Today’s featured businessperson is Victorian registered chiropractor, Belinda Owen. Owen owns a business called Passion Chiropractic, in Melbourne. She is, of course, a member of the Chiropractors’ Association of Australia.

Owen’s about webpage notes:

She practices gentle techniques such as SOT, Activator, Cranial and is Webster certified. Belinda has a special interest in pregnancy, babies and family health

For  look at the discredited Webster Technique, I highly recommend reading this 2014 article by Dr Mick Vagg.

We find that Owen does indeed have a very special interest in pregnancy and babies. On December 8 2012, Owen posted this photograph of herself adjusting a 3 day old infant in a Melbourne hospital:

Owen 1 hospital baby adjustment redacted

We now know – with several precedents now published – that this activity is in breach of the Chiropractic Board of Australia’s Code of Conduct for Chiropractors. Again, I will include a list of common sections of the CoC, and other pertinent codes and guidelines, in an addendum at the end of this post; this addendum can be easily copypasted for use in complaints to the regulator, AHPRA.

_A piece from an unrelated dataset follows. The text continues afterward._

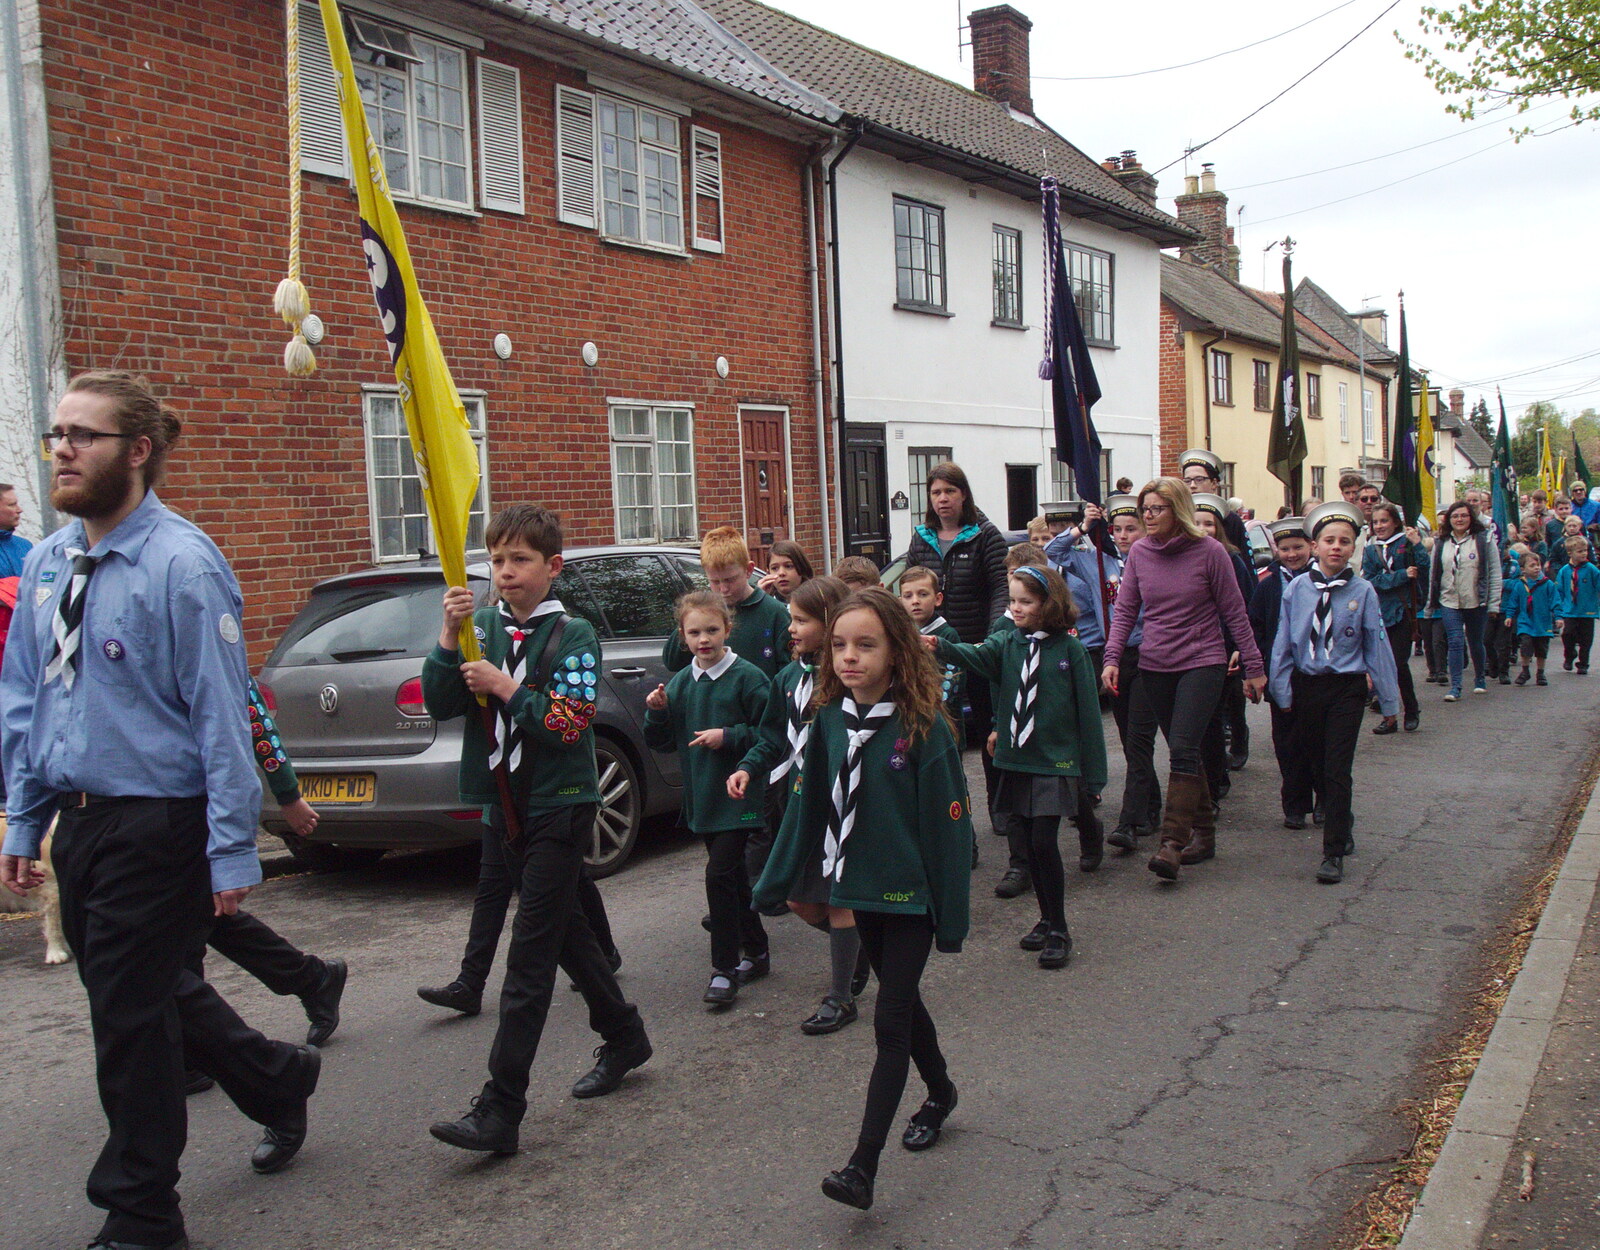 Some more Scouts from A St. George's Day Parade, Dickleburgh, Norfolk - 28th April 2019
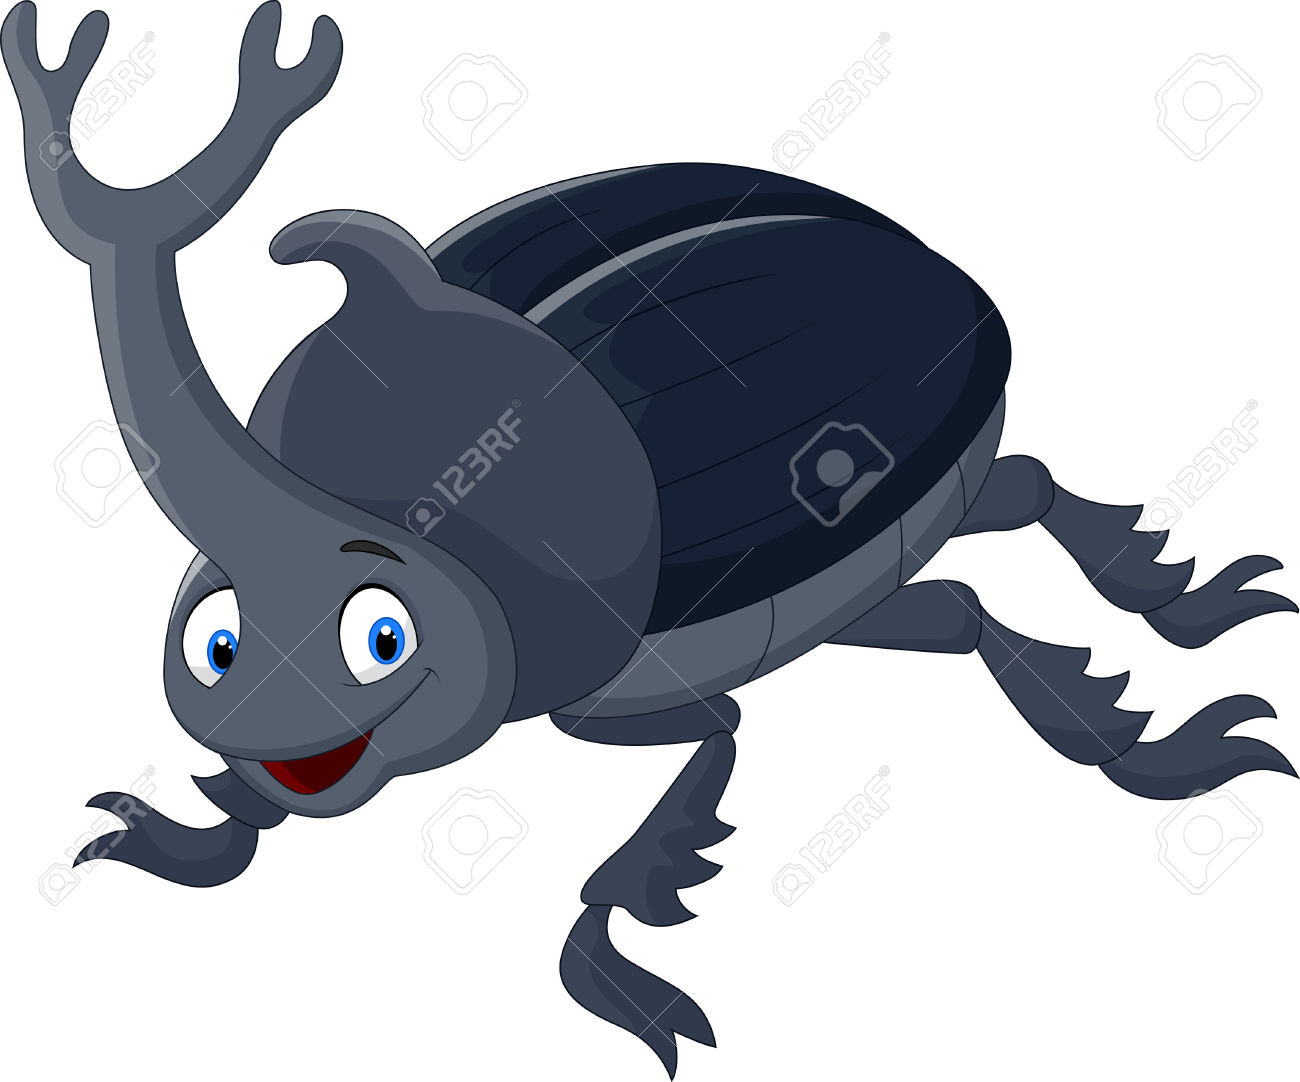 Stag Beetle clipart #15, Download drawings

By Owen’s own admission, on her website’s babies page, we know that this is likely not the only time that the adjustment of a baby has happened in a health care facility. Describing the disreputable chiropractic birth trauma argument, for the adjustment of neonates, Owen notes [my bold]:

Giving birth is an incredible experience. It can also be quite stressful for mum and traumatic for baby. If you think about it, it makes sense…

Even during normal births there is compression and stretching of baby’s delicate spine…

These can all have serious implications on your baby’s spinal and nervous system, and have serious consequences to their development. Therefore, it is very important to have your chiropractor check your baby as early as day one. At Passion Chiropractic in Elwood we have treated many babies on the day they were born.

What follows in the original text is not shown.